I could probably write a book about all my experiences within the womb of Southern fundamentalist Christianity, but in the interest of readability, I shall strive to be brief here.
[Mods: If this needs to go somewhere else, feel free.]
I grew up in east Tennessee, the son of a former Baptist missionary kid (mother), and zealous adult convert (father). Both parents had graduated from William Jennings Bryan College in Dayton, TN (where the Scopes Trial was held). My mom had two sets of career missionaries in her recent family, and my folks held lay leadership positions in our church.
Speaking of church, we of course went every time the doors were open. My early schooling years (elementary grades K - 4) were at a private fundamentalist school. So the first decade of my life, I was SATURATED in fundamentalist Christianity.
Even the books I read were children’s Bible story books. I remember having a few children’s books that were published by the Institute for Creation Research. These books argued that secular science (i.e., geology and biology) was all wrong, and that “true” science proved that the literal reading of Genesis was correct. As evidence of a young earth, these kids’ books had full-color illustrations and brief write-ups on such young-earth “evidences” as the Paluxy “man-tracks” and the “plesiosaur” snagged by the Japanese fishing boat in 1977 (which turned out to be a rotting basking shark carcass, btw).

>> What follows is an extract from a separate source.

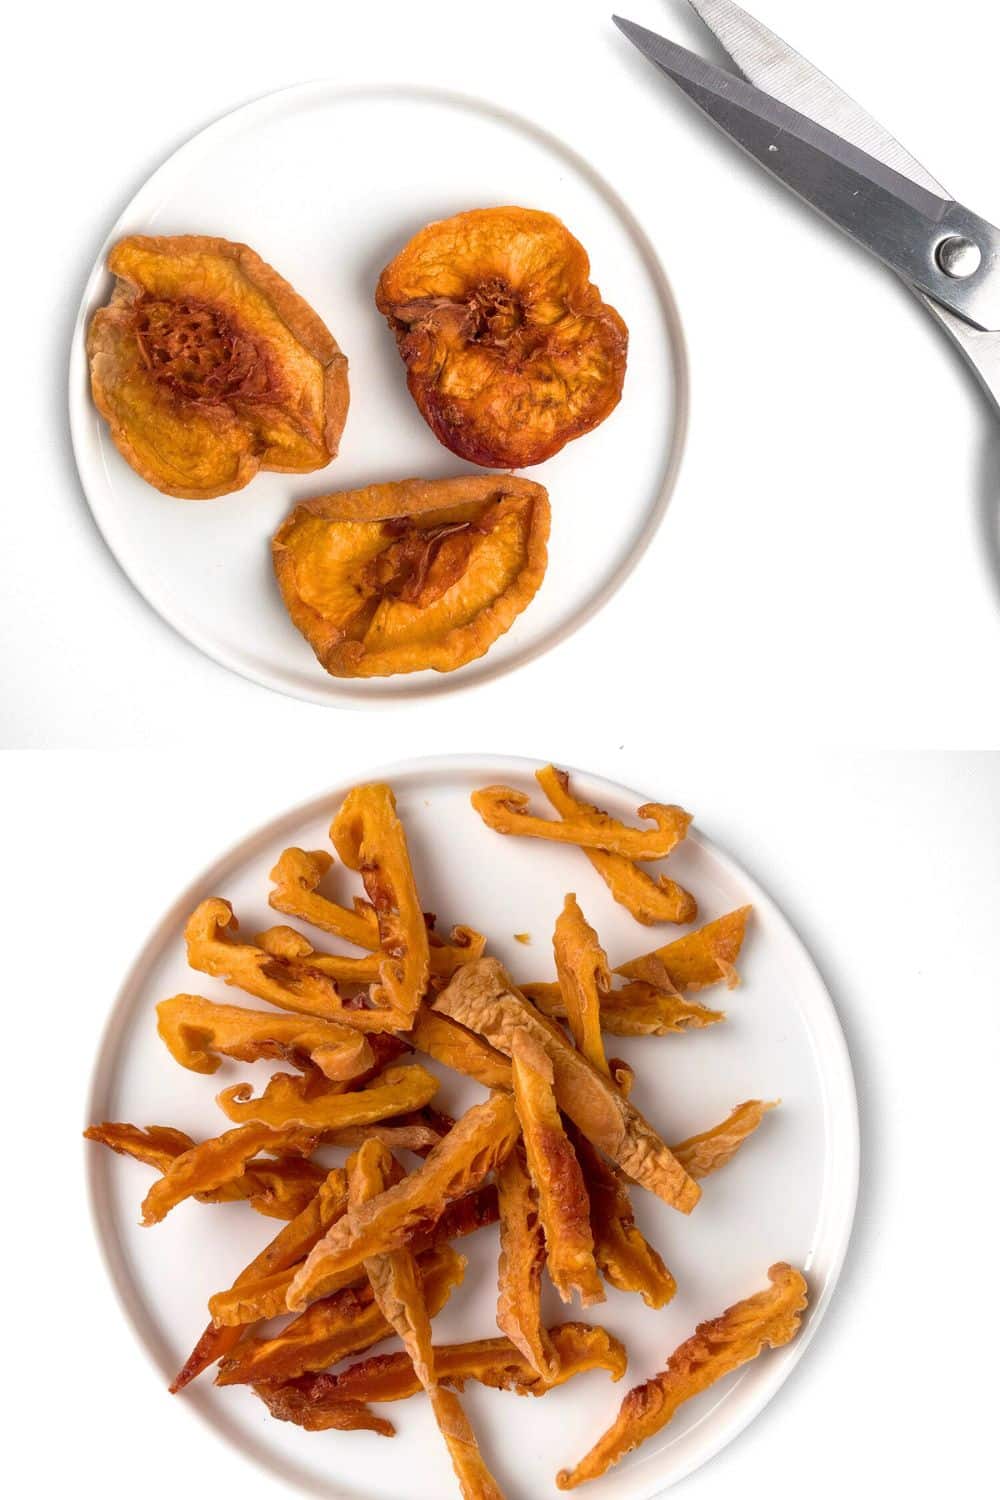 Top down view of three dried peaches on a white plate, next to some scissors, with a second plate with dried peaches cut into strips

For my family and friends, the word “evolution” itself was very much like an obscenity. It just SOUNDED evil, the way my parents and teachers and pastors would say it, resonating with a sense of malice and hatred of God, America, and puppies, or something.
But I was always—even as a child—on the skeptical side. I remember arguing with my parents over certain Biblical passages, insisting, without even realizing it at the time, that I was rejecting the doctrine of plenary inspiration. I remember one time in the early 1990’s, when I was in my mid-teens, my folks thought that Jesus’ Second Coming was imminent (they thought this because of certain interpretations of current events in Europe at the time, mirrored certain prophecies in the books of Daniel and Revelation). I told them it wouldn’t happen, that they were mistaken. Sure enough, it didn’t. My skepticism served me well.
When I joined the Army at 17, still nominally Christian, for some reason I can’t describe, I didn’t want any religious denomination at all on my dog tags. I selected “No religious preference” on my paperwork, so when I got my dog tags, sure enough, there it was: NO-REL-PREF. Point is, I was pretty much always “on the outside” the community of the faithful. Other soldiers “found God” in the Army. I found the value of sleeping in on Sunday.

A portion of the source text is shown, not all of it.